For rank 20 the RMSE is 2.18499637444
For rank 24 the RMSE is 1.91118127249
For rank 28 the RMSE is 1.9408043433
The best model was trained with rank 24


In [35]:
# TODO: Replace <FILL_IN> with the appropriate code
# In ML Pipelines, this next step has a bug that produces unwanted NaN values. We
# have to filter them out. See https://issues.apache.org/jira/browse/SPARK-14489
predict_df = my_model.transform(test_df)

# Remove NaN values from prediction (due to SPARK-14489)
predicted_test_df = predict_df.filter(predict_df.prediction != float('nan'))

# Run the previously created RMSE evaluator, reg_eval, on the predicted_test_df DataFrame
test_RMSE = reg_eval.evaluate(predicted_test_df)

print('The model had a RMSE on the test set of {0}'.format(test_RMSE))

The model had a RMSE on the test set of 1.98658845486


In [37]:
# TODO: Replace <FILL_IN> with the appropriate code.
# Compute the average rating
import pyspark.sql.functions as F

avg_rating_df = training_df.groupBy().avg('overall')

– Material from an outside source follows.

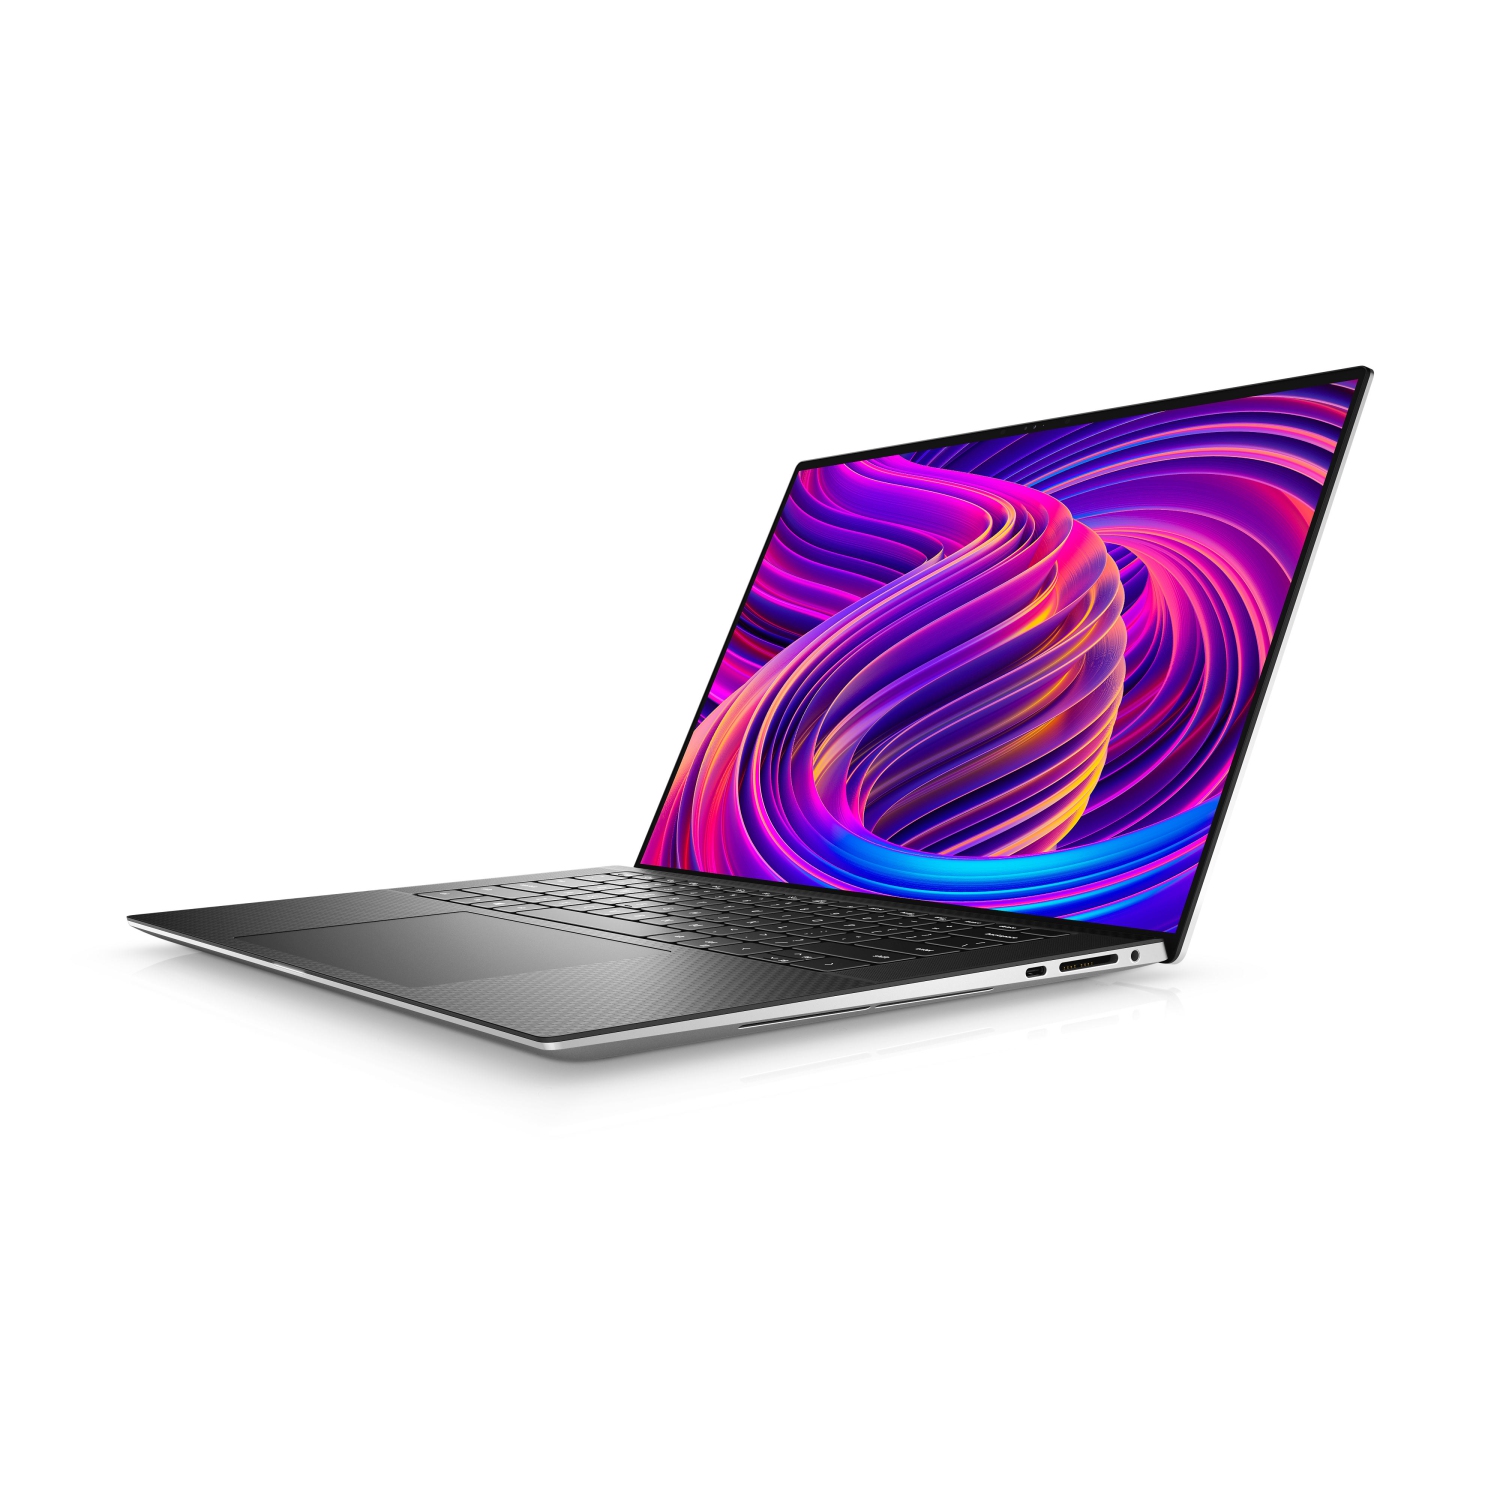 Refurbished (Excellent) - Dell XPS 15 9510 Laptop (2021), 15.6" 4K Touch, Core i7 - 1TB SSD - 64GB RAM - 3050 Ti, 8 Cores @ 4.6 GHz - 11th Gen CPU Certified Refurbished

# Extract the average rating value. (This is row 0, column 0.)
training_avg_rating = avg_rating_df.collect()[0][0]

print('The average rating for movies in the training set is {0}'.format(training_avg_rating))

# Add a column with the average rating
test_for_avg_df = test_df.withColumn('prediction', F.lit(training_avg_rating))

# Run the previously created RMSE evaluator, reg_eval, on the test_for_avg_df DataFrame
test_avg_RMSE = reg_eval.evaluate(test_for_avg_df)

print("The RMSE on the average set is {0}".format(test_avg_RMSE))

The average rating for movies in the training set is 4.4999187124
The RMSE on the average set is 0.894400260161